NOTE: this is still work in progress and not currently implemented in OpenRefine.

Introduction

OpenRefine instances communicate with a Broker in order to guarantee modification consistency and a linear modification history when multiple people are collaborating over the same dataset.

This page describes the protocol used by OpenRefine instances to communicate with a coordinating broker.

Protocol Design

One of the key functionalities of OpenRefine is the ability to record all activity as a linear list of transformations. Not only this makes it natural to 'undo' and 'redo' such operations, but it allows users to 'record' such streams of operations and replay them against a similar dataset later.
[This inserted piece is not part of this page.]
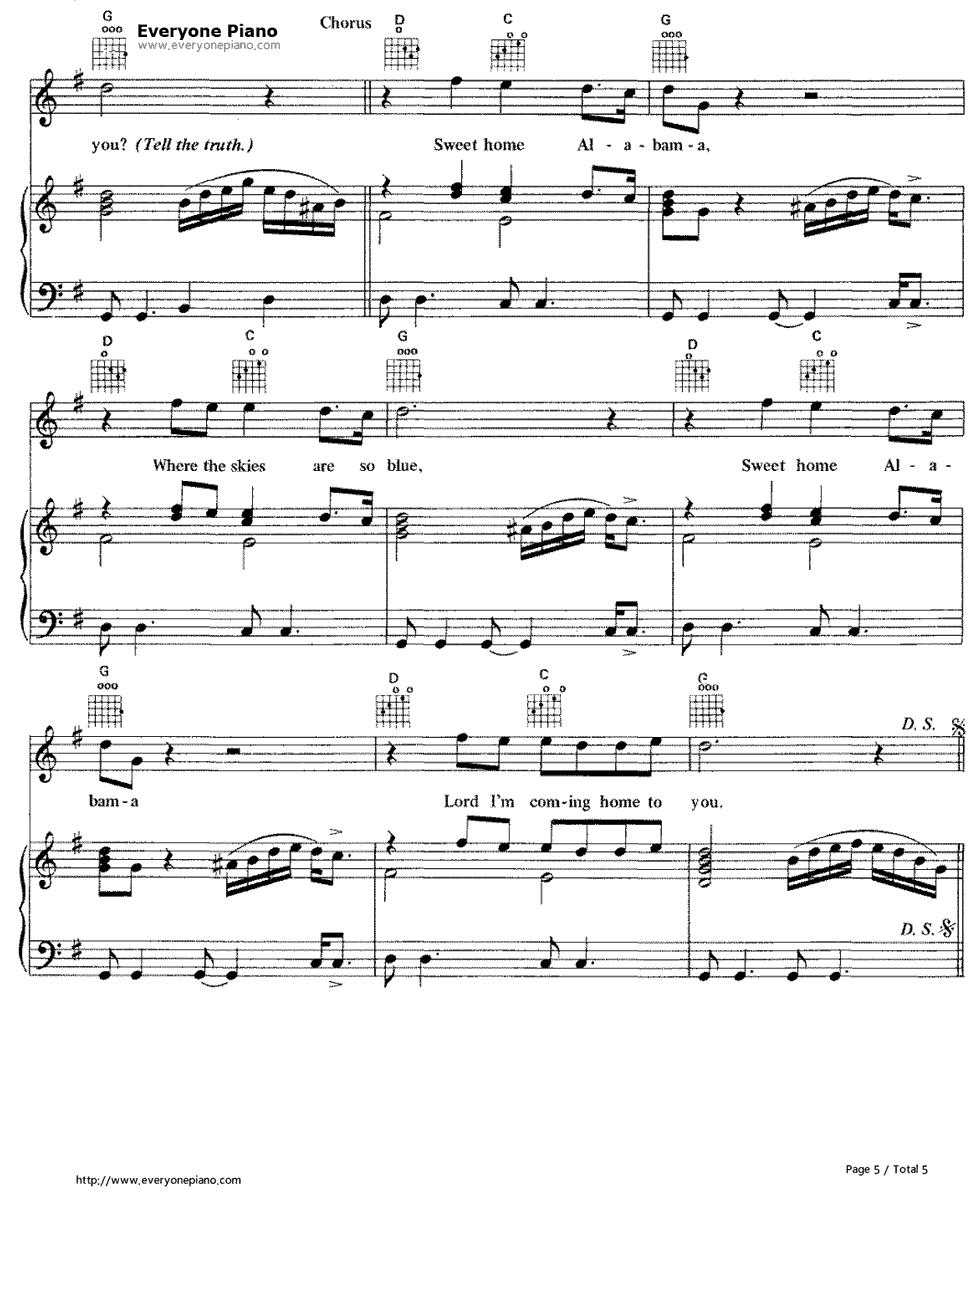 sweet transvestite sheet music pdf

Any coordination system that allows multiple OpenRefine to operate on the same dataset concurrently needs obviously to make the content eventually consistent, but also to maintain the history linear and each operation performed by each operator undoable.

Popular collaboration coordination systems such as version control systems (subversion, git, mercurial) or operational transformation systems (subethaedit, etherpad, google wave, google docs), make it possible to make the grid content eventually consistent, but fail to provide a way to guarantee that the history of operation is always linear and all operations are undoable. For version control systems, this is because branching and merging destroys the linearity of the history. For operational transformation systems, this is because while state is eventually consistent across all peers, the outcome is uncertain as it strongly depends on the timing of the input events. This fact is not a problem for text where single characters are the state transitions, but it becomes problematic in OpenRefine since operations can modify multiple cells at ones and may alter cause-effect perception enough to puzzle the user and give off a sense of fragility in the coordination.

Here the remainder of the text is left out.